Confidence and Resource Quality Outcomes
Confidence was assessed via post-revision self-ratings; resource quality was measured through a composite of peer, instructor, and algorithmic scores. Both metrics showed no significant differences across feedback conditions:
- Confidence: Medians uniformly high (Mdn=4.0), with no significant contrasts.
- Resource quality: All groups scored similarly (Directive M=3.62, Metacognitive M=3.72, Hybrid M=3.75).


Figure 5: Engagement times across feedback conditions.
These null results suggest a ceiling effect, with students producing high-quality drafts prior to feedback. The feedback thus serves more as validation and refinement than as a driver of substantial improvement.
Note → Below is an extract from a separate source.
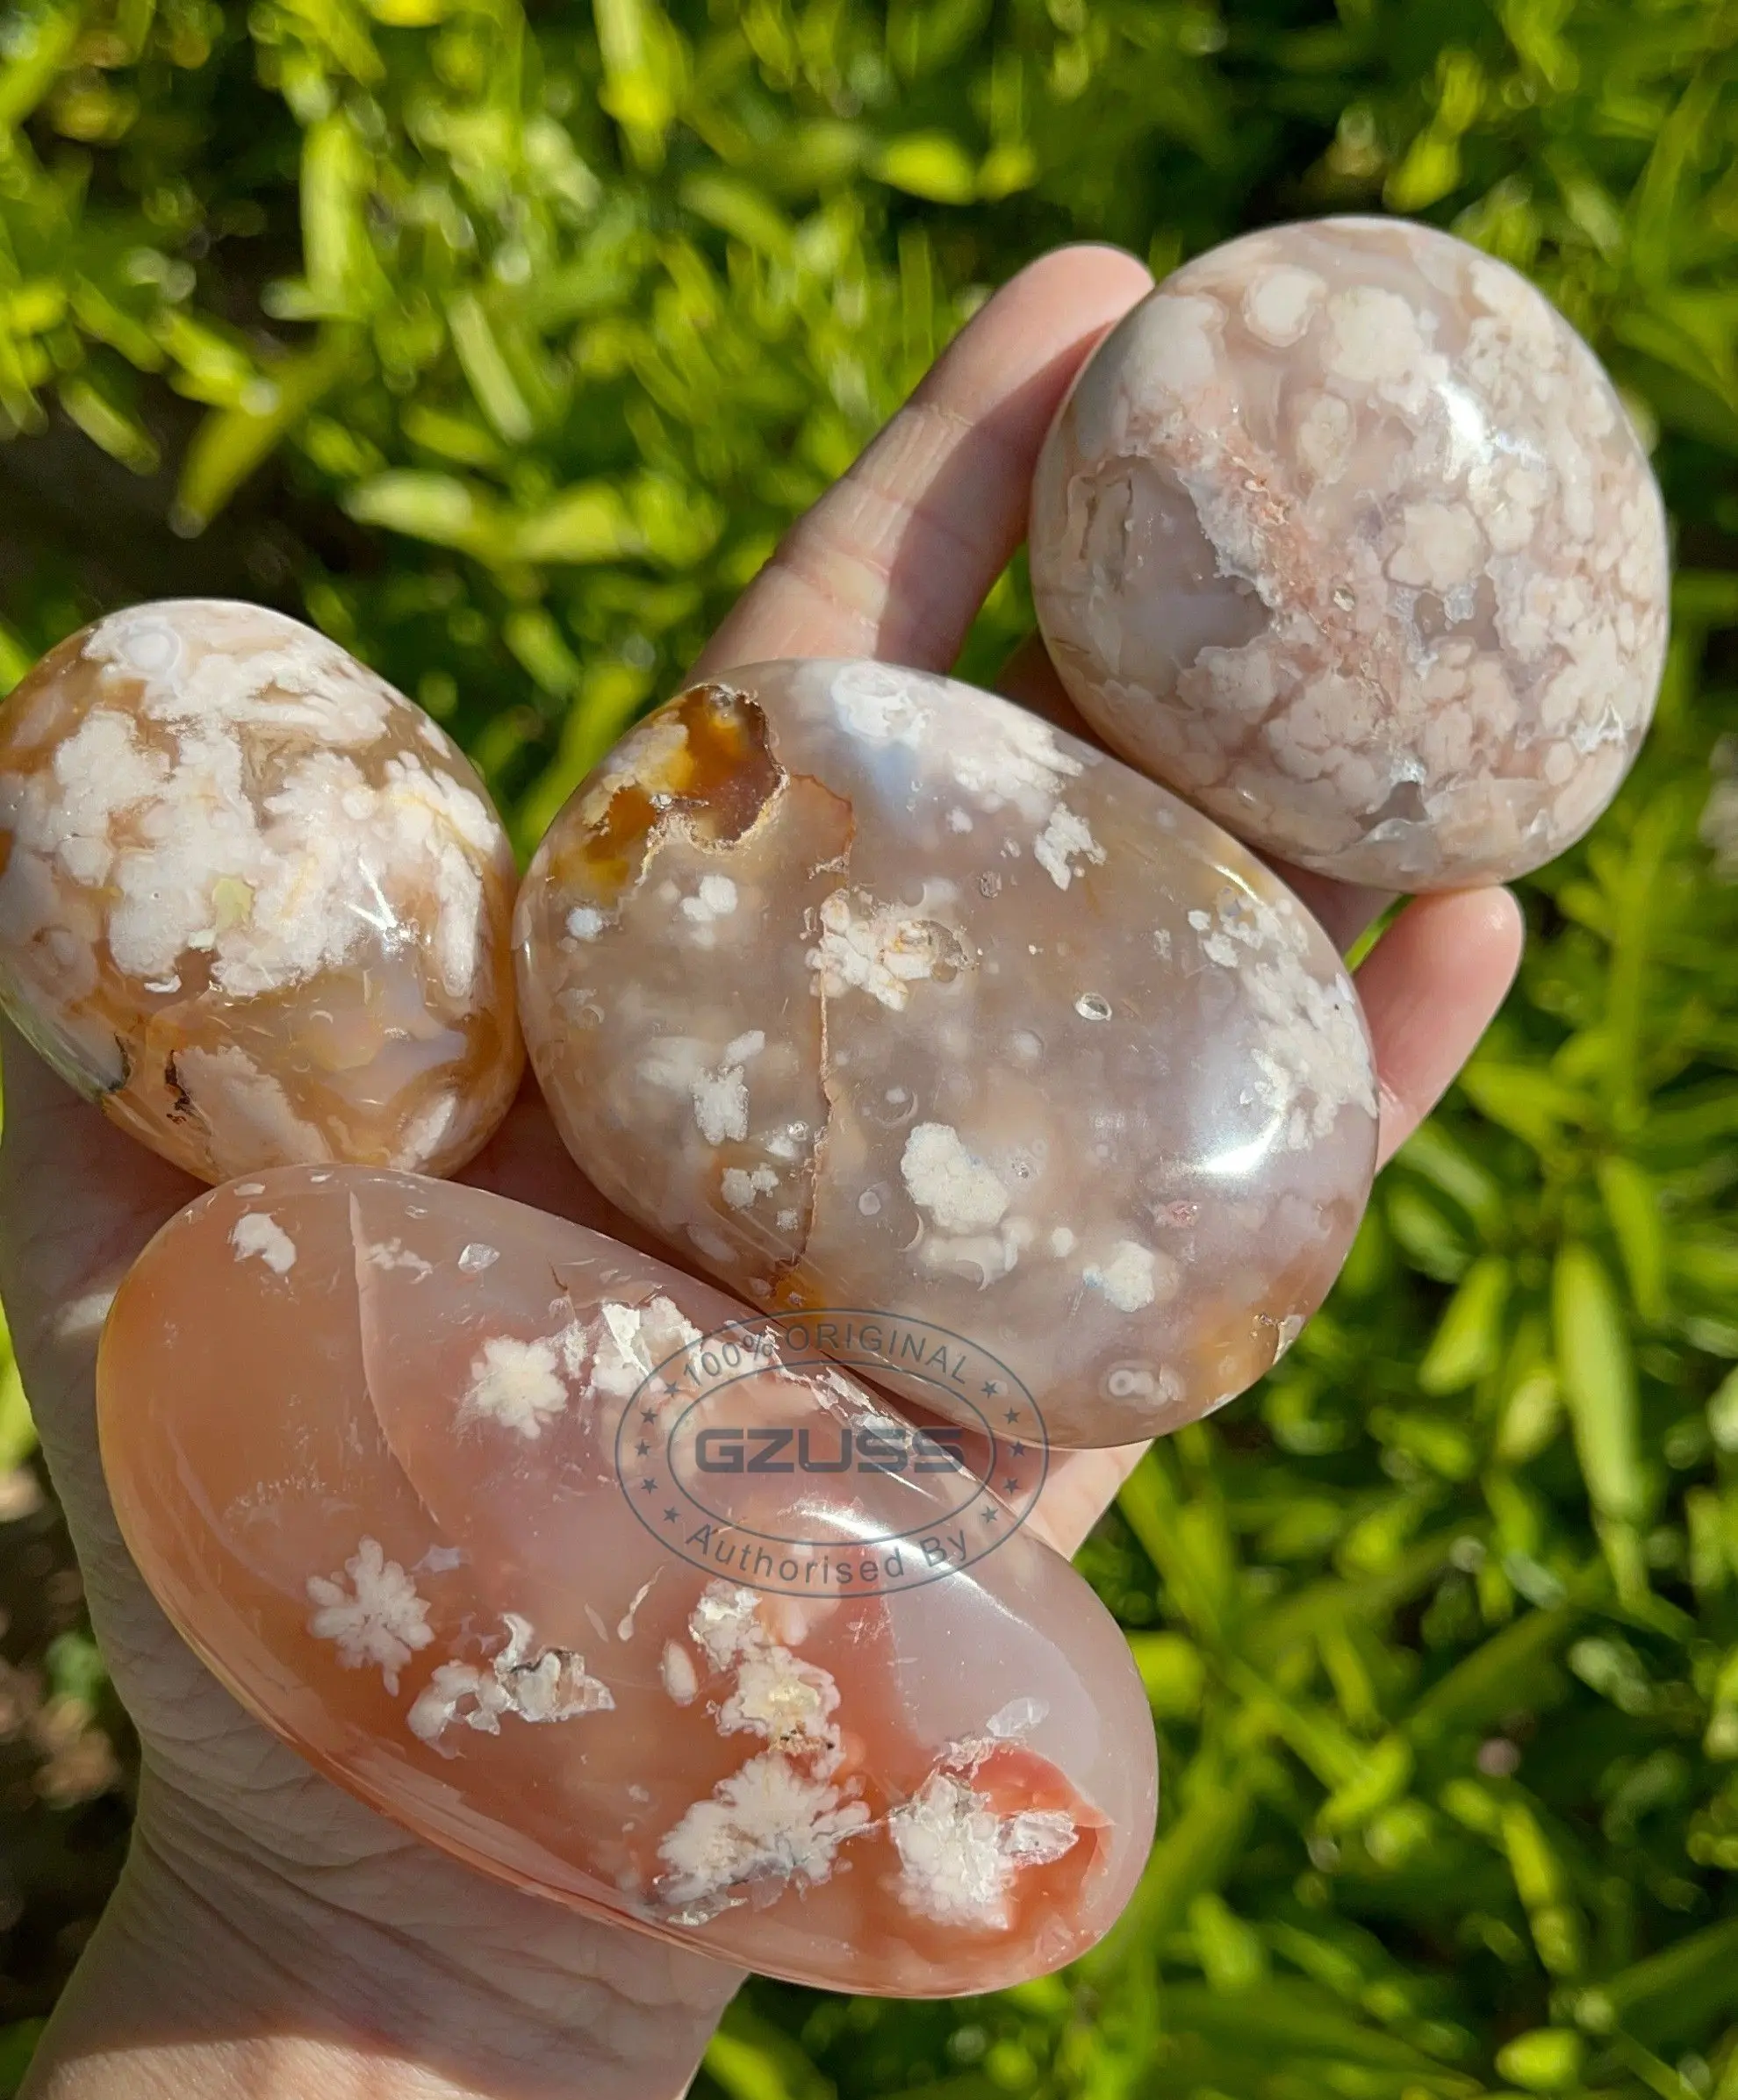 Polished Dozens of Flower Agate Crystal Palm Stones to Choose From

The absence of confidence erosion across conditions is notable, indicating that none of the feedback types undermined self-efficacy.
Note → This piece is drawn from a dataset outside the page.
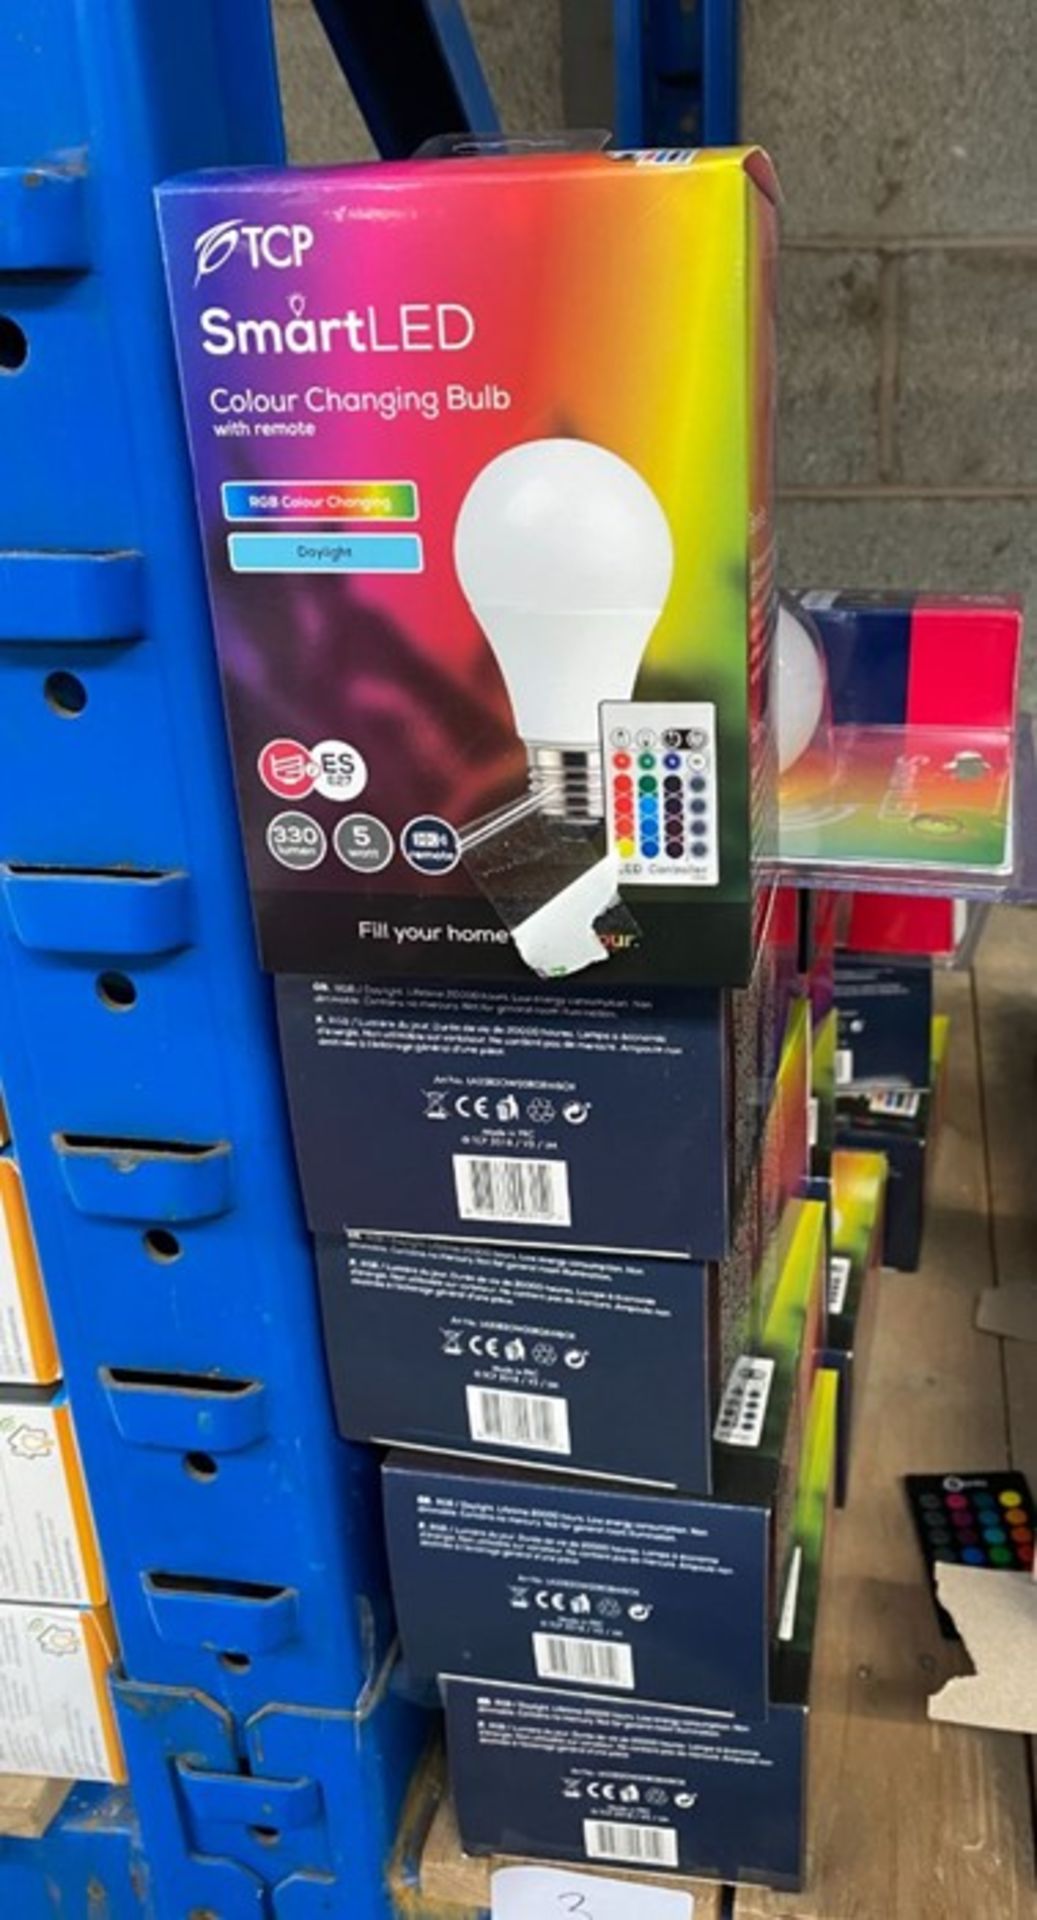 1 LOT TO CONTAIN AN ASSORTMENT OF TCP SMART LED COLOUR CHANGING BULBS (UNTESTED CUSTOMER RETURNS)

Implications for AI-Driven Feedback Design
The empirical evidence supports several key implications:
- Prompt engineering is critical: Linguistic and functional differentiation of feedback types is achievable and necessary for controlled pedagogical interventions.
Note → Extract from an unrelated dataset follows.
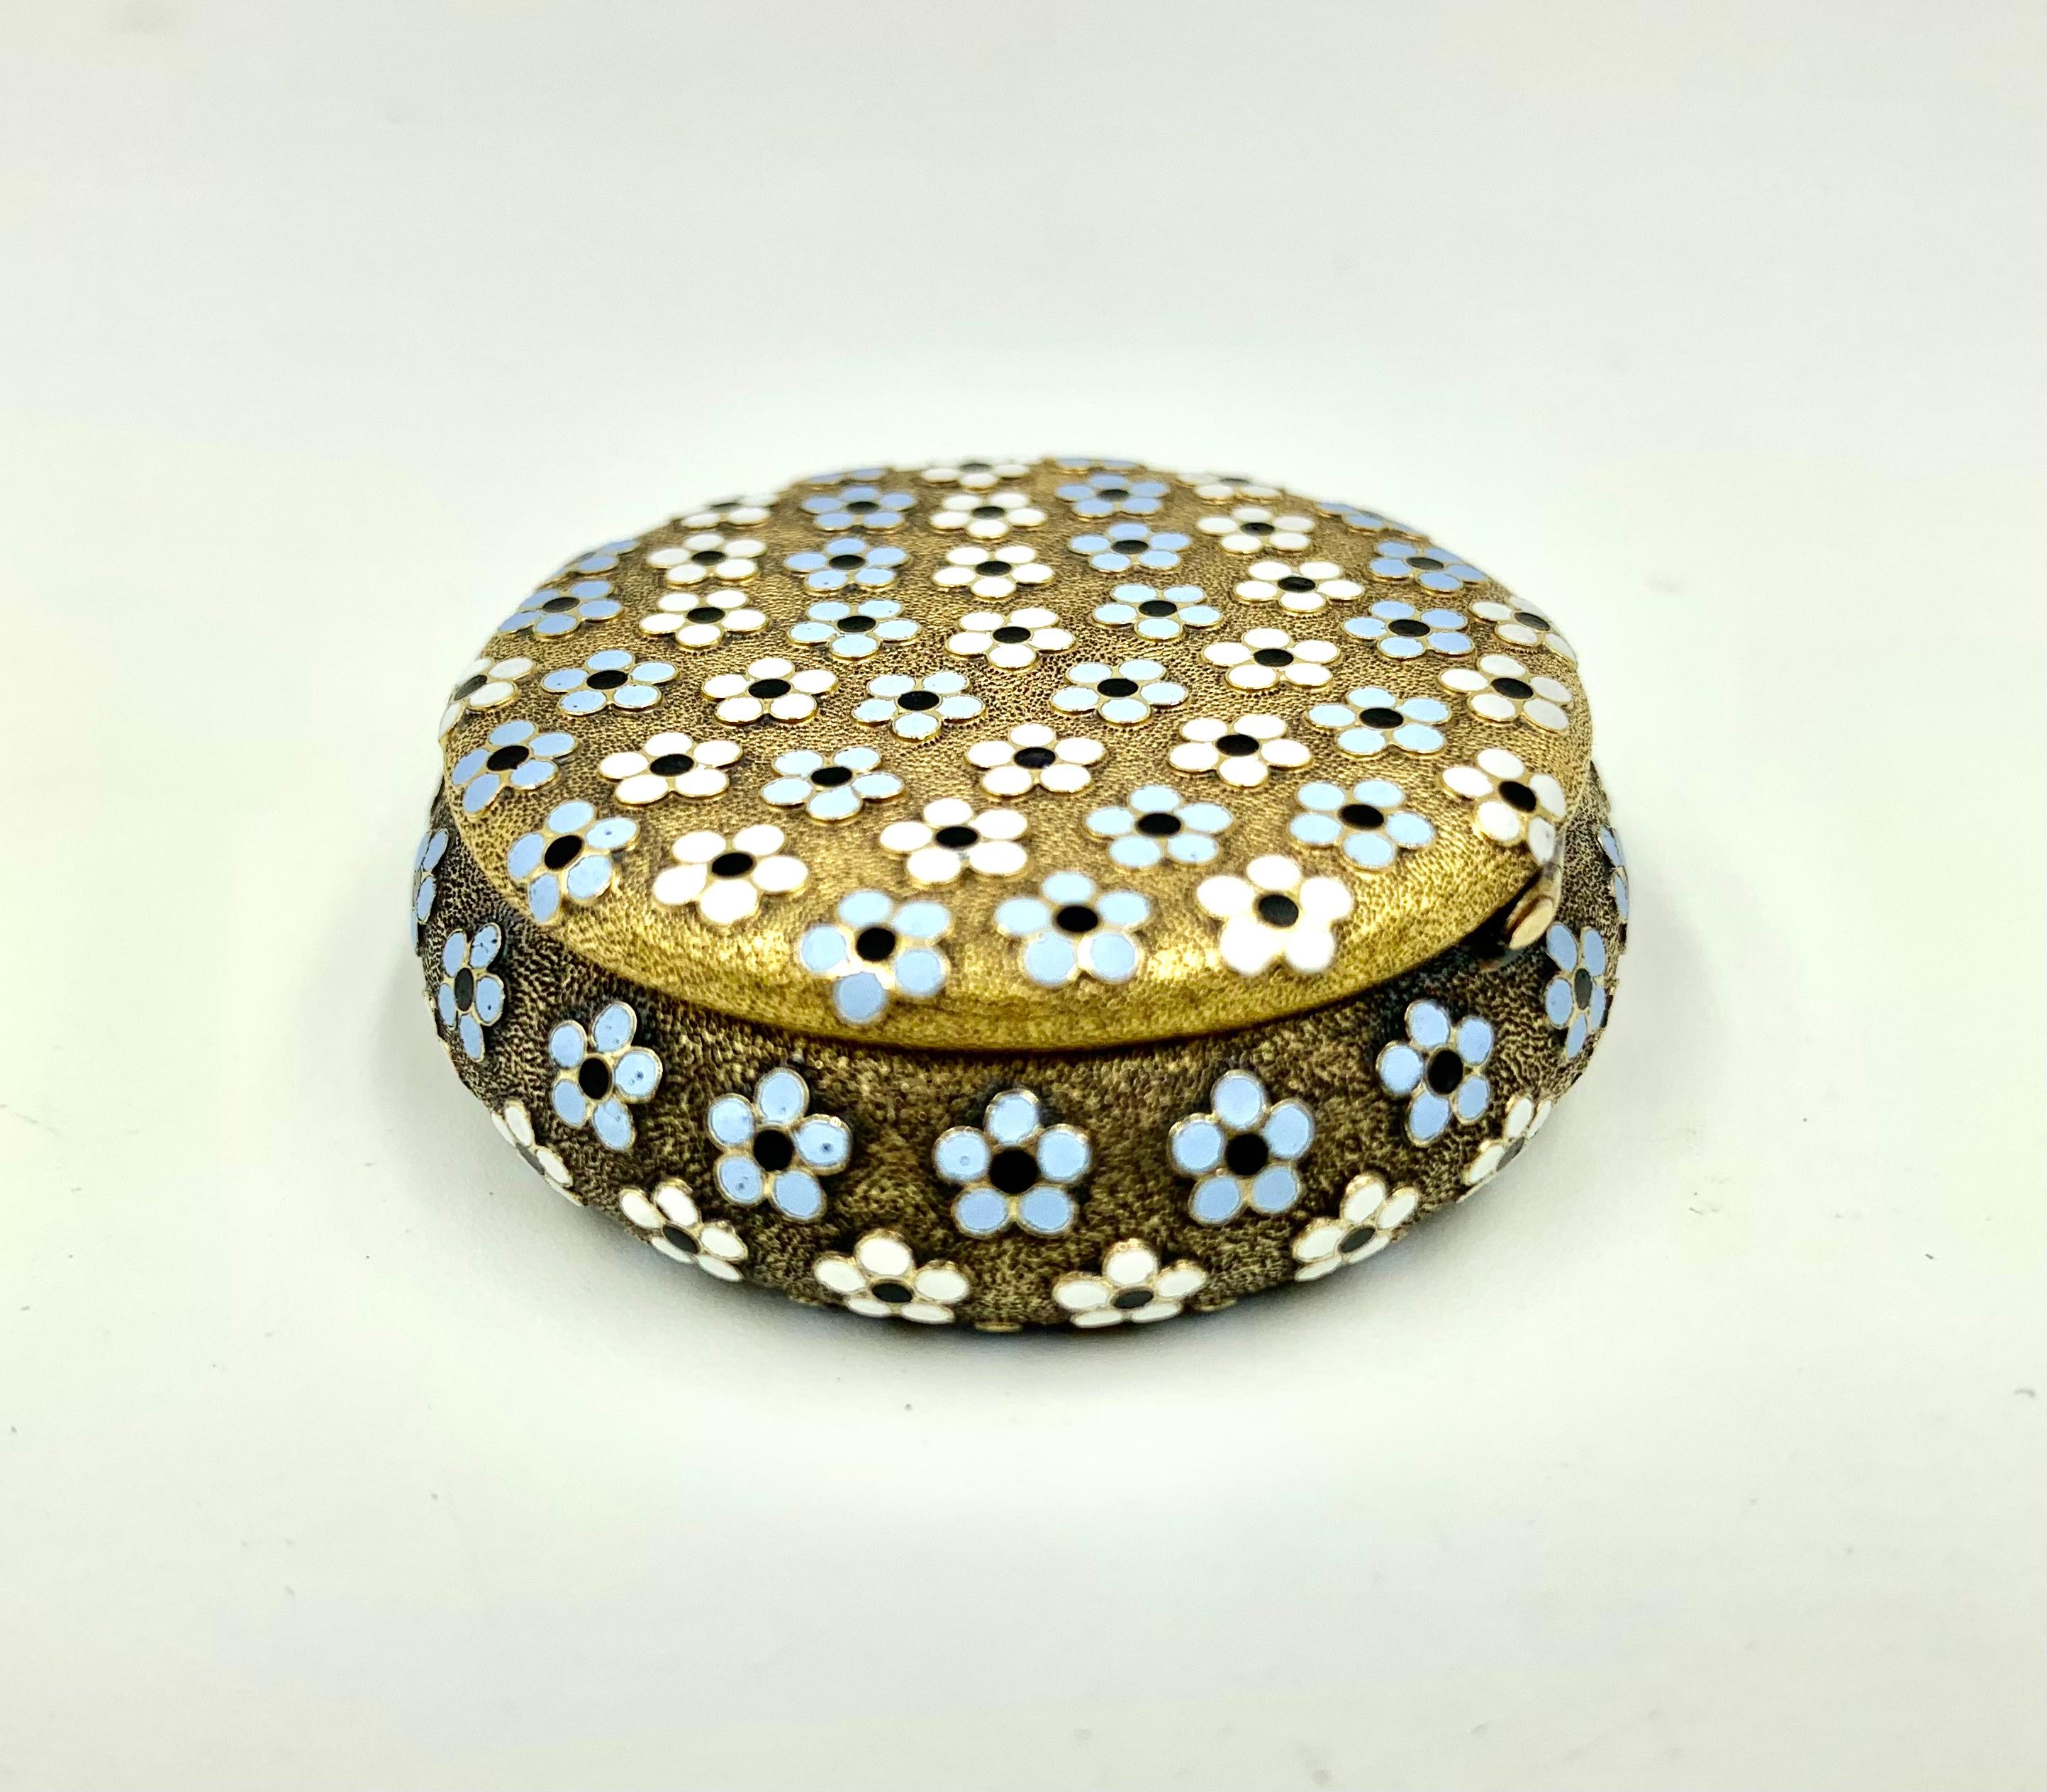 Antike 18 Karat Gelbgold Polychrome Emaille Forget Me Not Flowers Pill Box im Zustand „Gut“ im Angebot in New York, NY

- Hybrid feedback is optimal for engagement: Integrating directive and metacognitive elements increases revision rates and supports both immediate and reflective engagement.
- Metacognitive feedback alone may be insufficient for novices: Without scaffolding, reflective prompts can lead to cognitive overload and inaction.
- No evidence of differential impact on confidence or final resource quality: Feedback type does not affect self-efficacy or performance in high-performing cohorts, suggesting a role for feedback in consolidation rather than remediation.
These findings align with recent meta-analyses and systematic reviews indicating that feedback effectiveness is context-dependent and mediated by learner readiness, feedback literacy, and task difficulty.
Limitations and Future Directions
The study is limited by its single-course context and high baseline performance, which may mask potential effects in more heterogeneous or lower-achieving populations. Behavioral proxies (time-on-task, revision rates) do not capture deeper cognitive or affective processes. Future work should incorporate qualitative analyses of feedback uptake, longitudinal tracking of transfer effects, and integration of emotional and motivational dimensions in feedback design.
The scalability and consistency of AI-generated feedback offer unique opportunities for large-scale, controlled studies of feedback mechanisms. Advances in LLM prompt engineering, affective computing, and adaptive feedback systems will further refine the capacity of AI to support differentiated, personalized learning at scale.
Conclusion
This RCT demonstrates that AI-generated feedback can be systematically engineered to deliver directive, metacognitive, and hybrid interventions with clear linguistic and functional distinctions. Hybrid feedback maximizes revision engagement while maintaining reflective scaffolding, without compromising confidence or resource quality. The results provide robust empirical guidance for the design and deployment of AI-driven feedback systems in higher education, emphasizing the importance of prompt design, feedback literacy, and adaptive scaffolding. The integration of AI in feedback processes holds promise for scalable, personalized, and pedagogically aligned support, contingent on ongoing refinement and contextualization.